– Конечно, ушел. Разве вы не знали? Вы не слышали? Они займут деревню завтра утром.

Я не хотела спрашивать, кого он имел ввиду.

– Они поймали меня в лесу и отправили обратно с посланием для мэра. Если в Нойли-сюр-Морине найдут французских солдат, оружие и даже французскую форму, то они сожгут каждый дом дотла. Мы не могли оставить офицера в самом первом доме, в который они нагрянут, в доме мадемуазель Кромек. Понимаете, маленькая мисс?

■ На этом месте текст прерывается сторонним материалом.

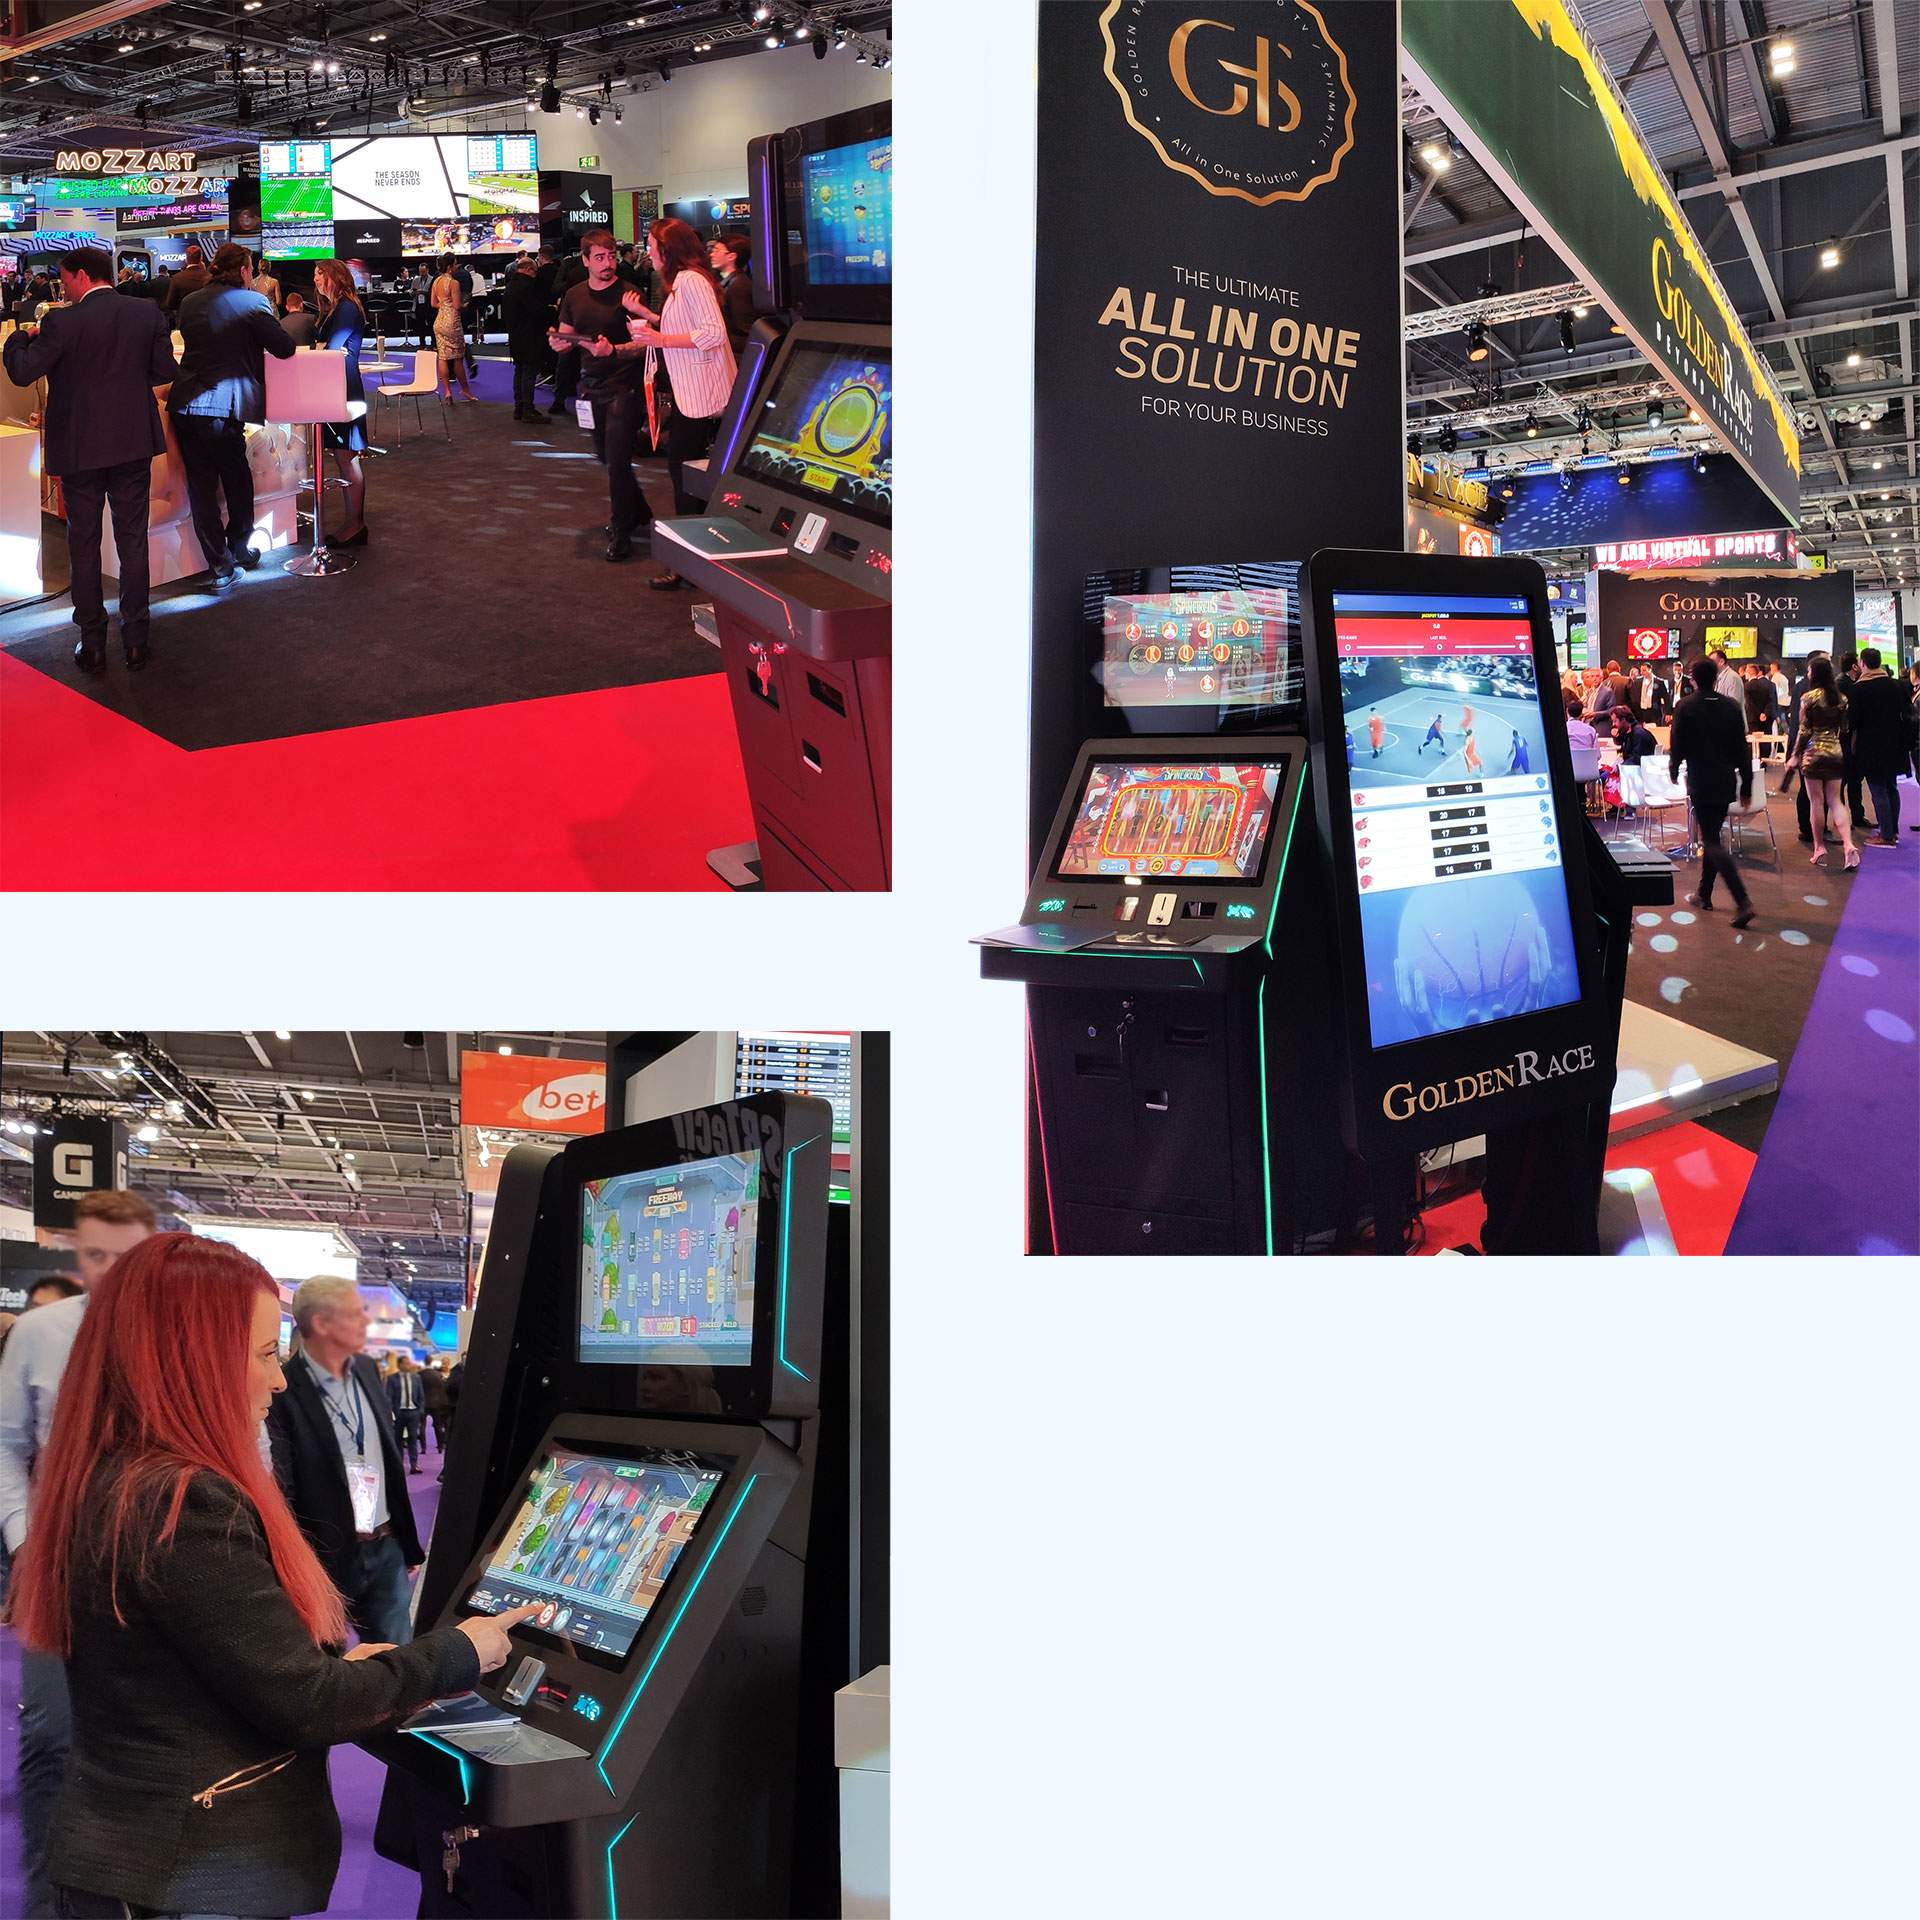 VRTech exhibited its latest gaming machines at ICE London 2020

Бедный папаша Франсуа разрывался между резней за свою деревню и жалостью к молодому офицеру. – Дом сестры мэра. Нет, тогда, наверняка, всех уничтожат. Поэтому мы его перенесли, очень осторожно. На носилках. Мы не навредили ему. О, нет.

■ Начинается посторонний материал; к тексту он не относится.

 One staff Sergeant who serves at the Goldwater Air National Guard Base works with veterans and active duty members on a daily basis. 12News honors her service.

– Где он сейчас, папаша Франсуа? – оборвала я.

Старик колебался и путался. Ох, понадобились бы годы, чтобы вытянуть из него правду, пока он рыдал и шептал, стоя на той темной улице.

– Это единственное место… Он там в безопасности… Деревня тоже. А ведь это не так уж плохо. Он ведь солдат. В прошлом месяце он спал во многих местах и похуже…

– Где!? Где!? – выпытывала я.

– Это в Пожарном укрытии. Но это всего на час-два. Ночью месье мэр и Гаврош увезут его через Морин и спрячут в безопасности на ферме.

Я не стала ждать последующих оправданий. Я вырвала свою руку и побежала через улицу. Да, у нас было пожарное укрытие позади трактира, на берегу реки. Жалкая маленькая хижина, заполненная противопожарным инвентарем и с насыпным полом. Я больше не боялась. Я обезумела от чувства, чувства маленькой девятилетней девочки к молодому богу в форме, сошедшему с облака. И он попросил меня выйти за него замуж. А они так к нему отнеслись! Я не сомневалась, кто это были – Полидор Кромек, его сестра со своей мебелью испорченной кровью раненого и маленький хорек Гаврош!

Бежа в припрыжку, с выпрыгивающим из груди сердцем, я чуть не врезалась в заграждение из лозы, выстроенное вдоль дороги по обе стороны от трактира, укрывающей столики. Однако, вовремя ухватившись, я уже бежала вдоль лозы, задержав дыхание и слушая биение собственного сердца.

Как раз с другой стороны ограды, в стороне, за столиком, на который не падал свет от открытой двери, сидели Полидор и Гаврош и пили. Я ошибочно подумала, что они услышали меня, но потом я убедилась в обратном и вот почему.

Перед ними стояла откупоренная бутылка, и Полидор хриплым хвастливым тоном произнес:

– Ещё стакан, старый товарищ! Я не достаю такой коньяк, как этот, каждому клиенту. Нет!

– Он хорош, – ответил Гаврош. Нам нужен этот напиток для свершений во имя спасения этого маленького уголка Франции. А? мой друг.

Они оба были наполовину пьяны. Я не обращала внимание на то, что они говорили. Они разглагольствовали о Франции, думая лишь о себе. И они еще не переправили мое раненое божество через реку. Я прокралась по траве к пожарному убежищу. Оно выступало черным силуэтом в ночи. Но у меня были глаза, как у кошки, и я могла видеть треугольник крыши. Дверь была не заперта. Я растворила ее.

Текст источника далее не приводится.